The MIRS team questions if U.S. Rep. Justin Amash missed an opportunity to connect with this pro-liberty crowd during his presidential exploratory committee. Why did Amash pull the plug on his bid for the Libertarian nomination? And now that the Governor is re-opening parts of the state, can she declare victory on the sinking number of COVID-19 deaths and hospital stays?
Is the state opening itself up to liability by not banning guns from the Capitol? Steve Liedel, managing member for Dykema's Lansing office makes that case. He also explains why the Legislature's argument that a future Governor could issue rolling emergency orders through the length of his/her tenure is a "disingenuous argument."

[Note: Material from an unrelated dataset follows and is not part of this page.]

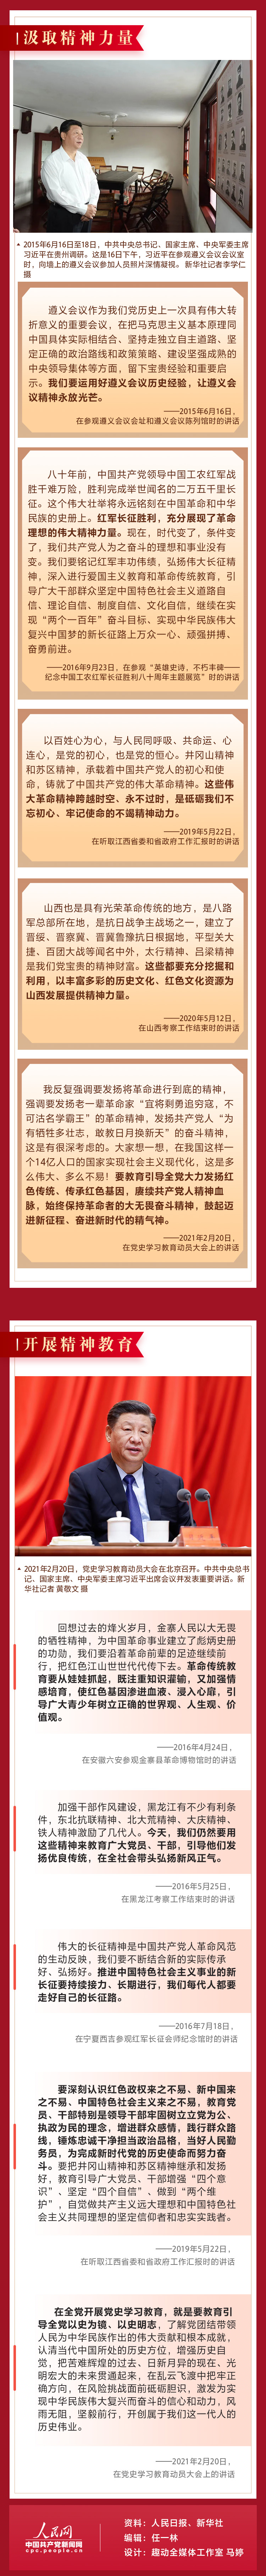 红色足迹篇系列图解之二3 人民网-中国共产党新闻网.jpg

Adrian Hemond, CEO of Grassroots Midwest, goes through the state House seats most likely to flip with MIRS Editor Kyle Melinn. Also, the MIRS team explores why the Governor's stay-at-home orders can't last much longer and why Republican U.S. Senate candidate John James wants to distance himself from President Trump.
House Speaker Lee Chatfield says any executive order Gov. Gretchen Whitmer issues since May 1 is "legally questionable at best" since the Legislature did not extend her emergency authority April 30. So is he advising his residents to follow the Governor's executive orders? Chatfield is also asked about last week's protestors and what House session is going to look like going forward.
Also, Kathy Barks Hoffman of Martin Waymire and Josh Pugh of the AFL-CIO share their perspective on the "patriot" protests, how the Governor did with her response on the Joe Biden sexual harassment claim and Publisher John Reurink's idea of floating general obligation bonds to help the state stay afloat financially in the short term.